Pouczasz Pan: „Czuwajcie, od siebie się zaczyna” […] jest w tych słowach głęboka prawda. W krytyce naprawdę powinniśmy zaczynać od siebie”. Mam jednak wrażenie, że to pouczenie przelane przez Pana, ma dotyczyć innych, siebie Pan wyeliminowałeś.
Jeśli jednak źle , kościół powoli bo powoli ale kruszeje to do możliwości krytykanctwa należy dodać POSZUKIWANIE PRZYCZYN NIEPOWODZEŃ , wygląda podobnie jak krytykanctwo ale nim nie jest .
Tego artykułu by nie było gdyby był OFICJA,LNY dokument instytucji omawiający przyczyny niepowodzeń , bodaj zgrubne analizy , ale nie ma … wszystko w porządku , nie ma kryzysu kościoła , nie ma laicyzacji w każdym razie od strony instytucji , taka postawa musi irytować , to dla tych co lubią zastanawiać się nad naturą człowieka .

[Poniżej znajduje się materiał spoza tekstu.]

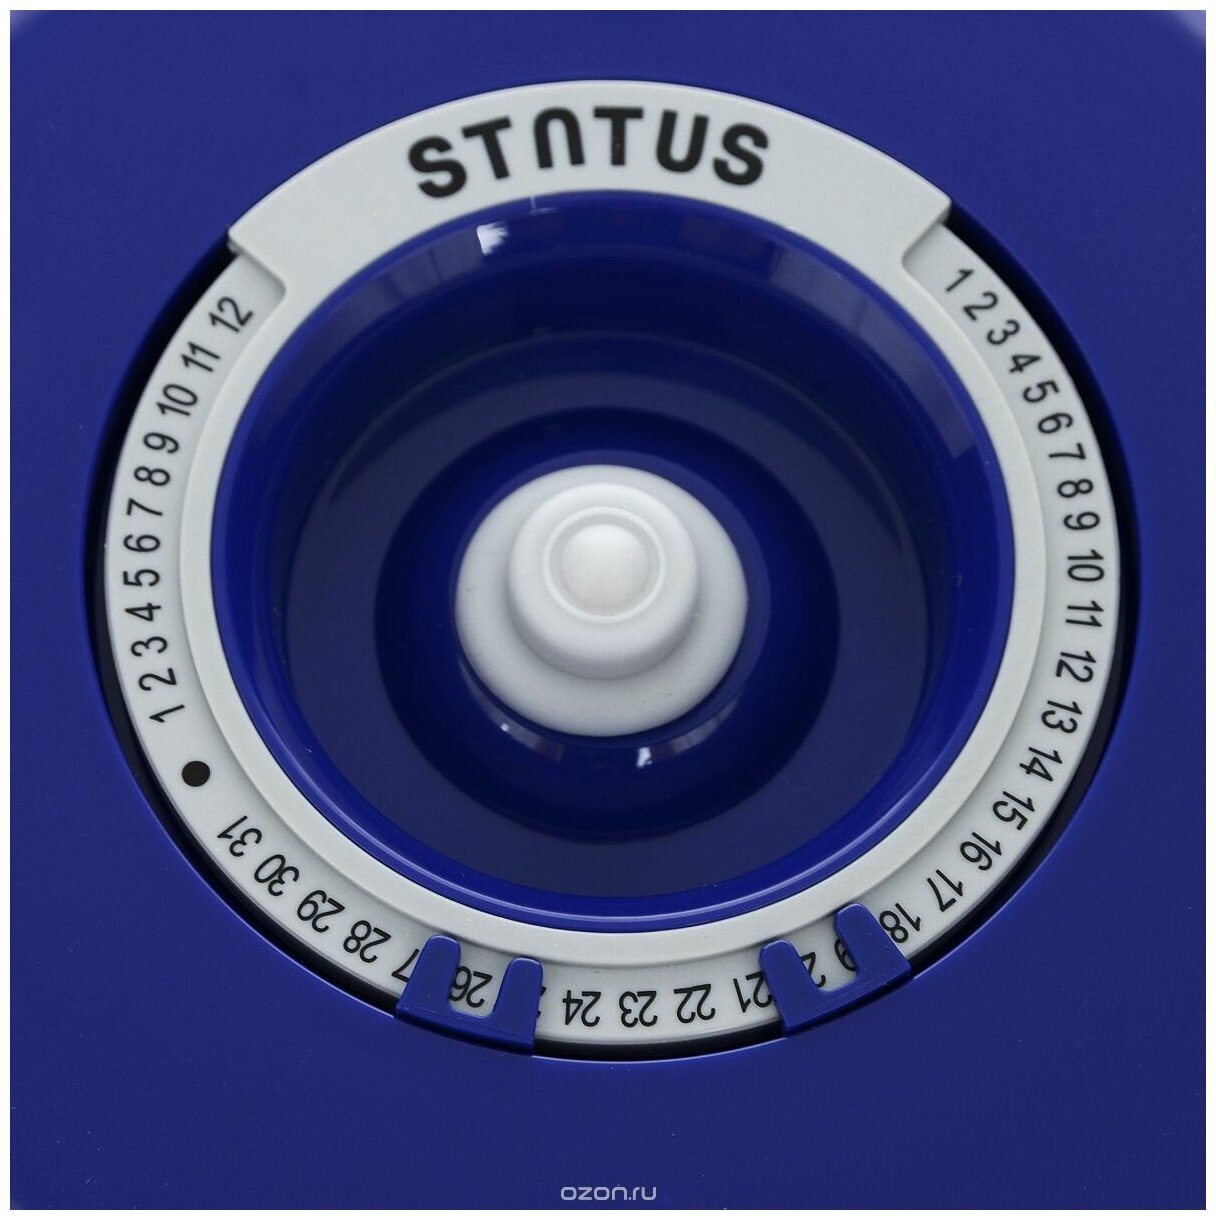 Контейнер STATUS VAC-RD-15 Blue - фотография № 3

Szukać nie musimy tak bardzo intensywnie , wystarczy Biblia a Ona sama siebie nazywa nauką dla prostaczków , proste rzeczy tylko ludzie złej woli ją komplikują , komplikują to co proste [ używam pańskiego zwrotu ] Problem nie w tym że to trudne , tylko w tym ŻE NIE PRZYJMUJEMY BIBLII DO WIADOMOŚCI w każdym razie [ można się ze mną nie zgadzać ] poważna część mężów uczonych w piśmie boi się Słowa ... ja ich niekiedy czytam takie teologiczne ble ble , ani to Biblia ani nauki świeckie , nie potrafię tego czegoś sklasyfikować . Jaka jest ich ZASADNICZA WADA , to nie wymyśliłem , Mesjasz powiedział ,że uczeni w piśmie odcedzają komara a przepuszczają wielbłąda .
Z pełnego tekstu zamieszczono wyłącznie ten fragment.